= Michael Patrick Hearn =

American literary critic

Michael Patrick Hearn is an American literary scholar as well as a man of letters specializing in children's literature and its illustration. His works include The Annotated Wizard of Oz (1973/2000), The Annotated Christmas Carol (1977/2003), and The Annotated Huckleberry Finn (2001). He considers the three most quintessential American novels to be Moby-Dick by Herman Melville, The Wonderful Wizard of Oz by L. Frank Baum, and The Adventures of Huckleberry Finn by Mark Twain.
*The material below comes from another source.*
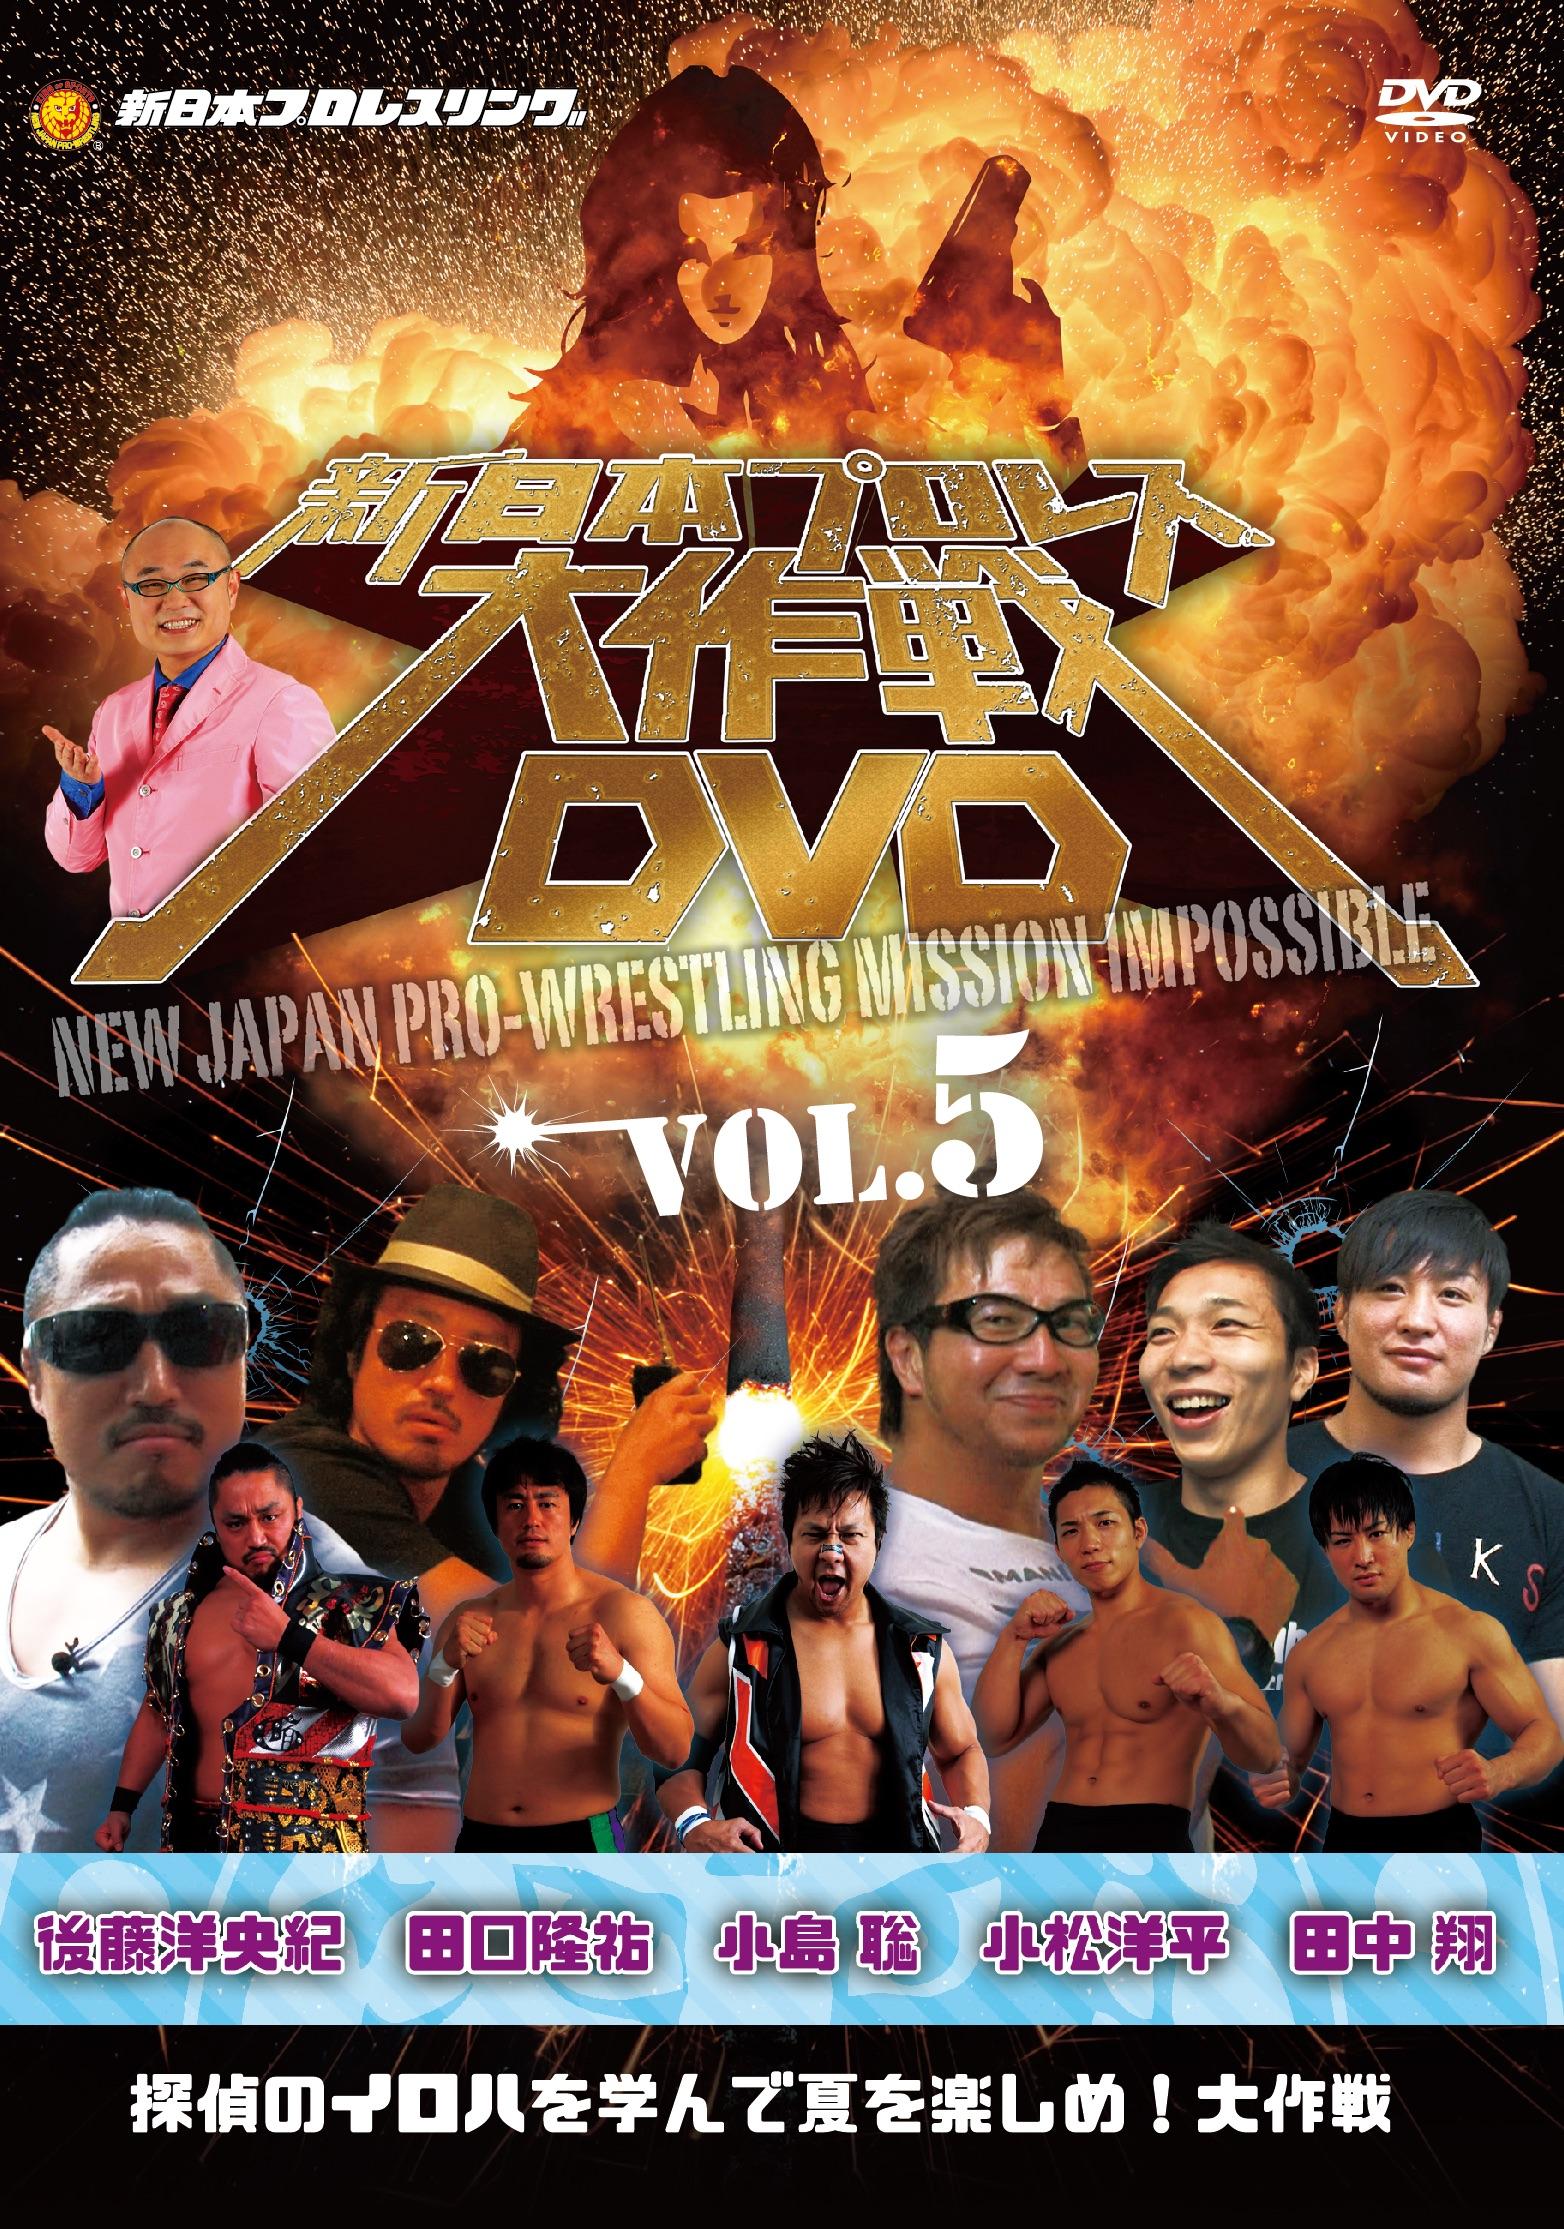 新日本プロレス大作戦 Vol.5

He is an expert on L. Frank Baum and is currently writing a biography about him, which sets forth to correct the numerous errors in previous biographies, many based on Frank Joslyn Baum's out of print and largely mythological To Please a Child.

As an Oz and L. Frank Baum scholar, he also edited The Critical Heritage Edition of the Wizard of Oz for Schocken Books (1986), wrote the introduction to the first published version of the screenplay of The Wizard of Oz (1939 film). He appears in the documentaries Oz: the American Fairyland and Matilda Joslyn Gage (1983), credited as an "Authority on L. Frank Baum". He gave the keynote address at the Centennial convention of The Wonderful Wizard of Oz mounted by The International Wizard of Oz Club, and often makes public appearances in which he lectures on Baum.

Hearn was a student at Hamilton College in 1968-69 and then transferred to Bard College, where he graduated in 1972. At Hamilton, he was encouraged to become an author by one of his professors, Alex Haley. His first book, The Annotated Wizard of Oz, was completed when he was a student at Bard.

==Selected works==
Other books as author or editor include:

- 50 years of Wanda Gág's Millions of Cats: 1928-1978 (1978)
- McLoughlin Brothers, publishers, 1828-1978 (1980)
- Victorian Fairy Tales (1980)
- Peter Newell, American Comic Illustrator (1983)
- The Chocolate Book: A Sampler for Boys and Girls (1983)
- The Best of the Andrew Lang Fairy Tale Book (1986)
- The Porcelain Cat (children's picture book, 1987)
- The Wizard of Oz: The Screenplay, (1989)
- W.W. Denslow: The Other Wizard of Oz, (1996)
- The Victorian Fairy Tale Book (1990)
- 65 years of Wanda Gág's Millions of Cats: 1928-1993 (1992)
- Native American Legends : Lakota (1995)
- Myth, Magic, and Mystery: One Hundred Years of American Children's Book Illustration (1996)
- From the Silver Age to Stalin: Russian Children's Book Illustration In preparation, (2008)

He has also written articles for Horn Book and The Baum Bugle and Liner Notes for Caedmon Records.